Unfortunately, seems like I guessed wrong, because you reduced my comment to “human eats meat for survival”, when it was more of a “human makes peace with killing, butchering, eating other animals while actually caring for all animals”.
It’s not that I didn’t see what you wrote about “eating meat for survival”. I even quoted this specific part of your comment. So maybe it’s not that great assuming that I didn’t when you read my response.
But who will judge whether or not a person is eating for his survival? Who will judge whether or not someone is being a hypocrite? I mean, most of us, at any given time, are on a different path of life, with our own unique experiences. What might seem obvious to one person, might be something the next person wouldn’t even be able to imagine because of different experiences. It’s not like artificial (books, movies, infotainment, what have you) stimuli are the same thing with actually experiencing the world. Especially when it comes to nature with its extreme vastness of interactions.
You claim you were put off from eating animal meat by watching a butcher killing a chicken. Why should I feel bad (hypocrite? lying to myself?) or less of a sentient being when after, myself, helping to butcher a goat (I mean, do you have any idea what this requires? the sound of skin separating from what is underneath? the sound of internal organs when you slice it’s body open? the flow of blood? the smell of it all? and if you do have an idea do you think the idea is comparable, as far as impact goes, to the actual deed?) and while feeling seriously overloaded by the stimuli (in a young age mind you, less than 10 years old the first time I did it) at the same time being at peace with what I was doing?
Finally, being in an urban environment, at least when I mention it, is not indicative of more options (like food stores, or supermarkets) but indicative of a way more limited environment as far as natural stimuli are concerned and how people’s perceptions of the world are formed.

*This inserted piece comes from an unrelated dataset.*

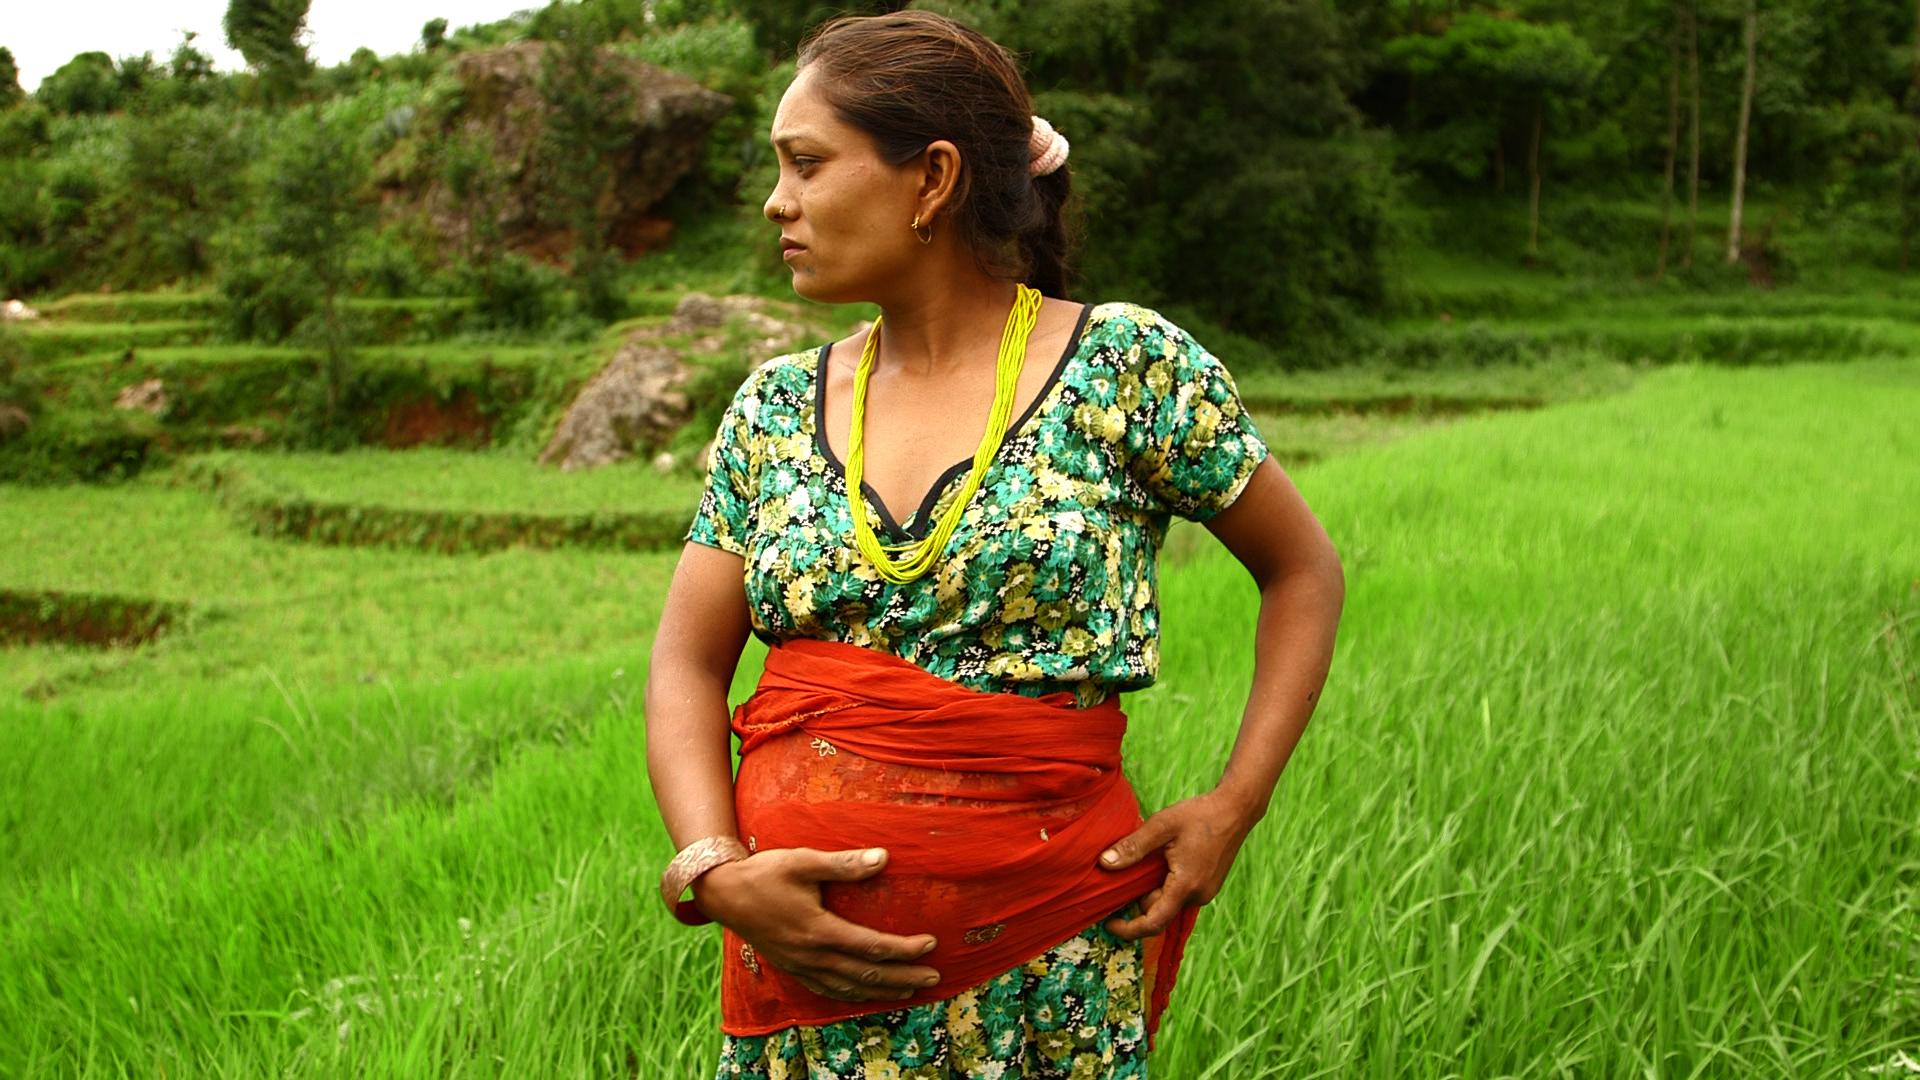 Januka Rasaeli, a pregnant woman in Nepal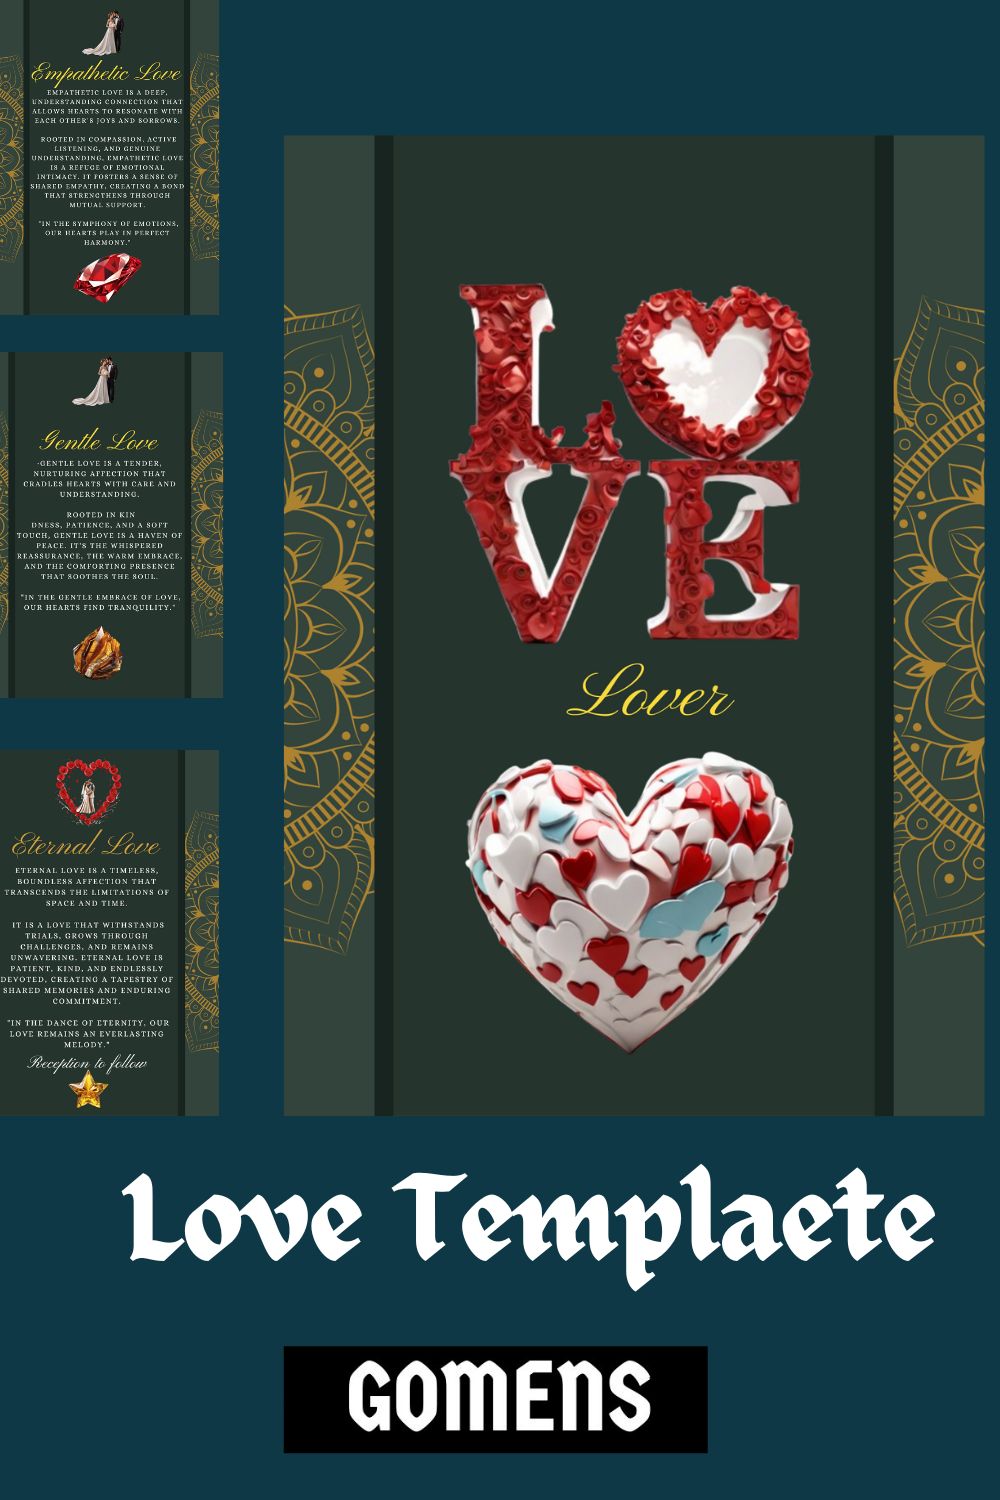 LOVE TEMPLATE LATEST DESIGN / UNIQUE PATTERN MASTER BUNDLE pinterest preview image.

It’s easy, if not a complete certainty, to be completely oblivious of many of the horrors involved in how animals feed themselves. And documentaries, neither smell, nor capture enough of this. So, I, for one, won’t judge neither a person who is put off by a killing of a chicken nor a person who isn’t. I can see how different paths might lead different people to different perceptions of the world. I even find it interesting to observe the differences.
ps. I like to do a little experiment when (which you 'll almost never see me do) I say “I don’t understand X”. I replace that part of the text with “I really don’t like X” and if the text still makes sense, I pause and think.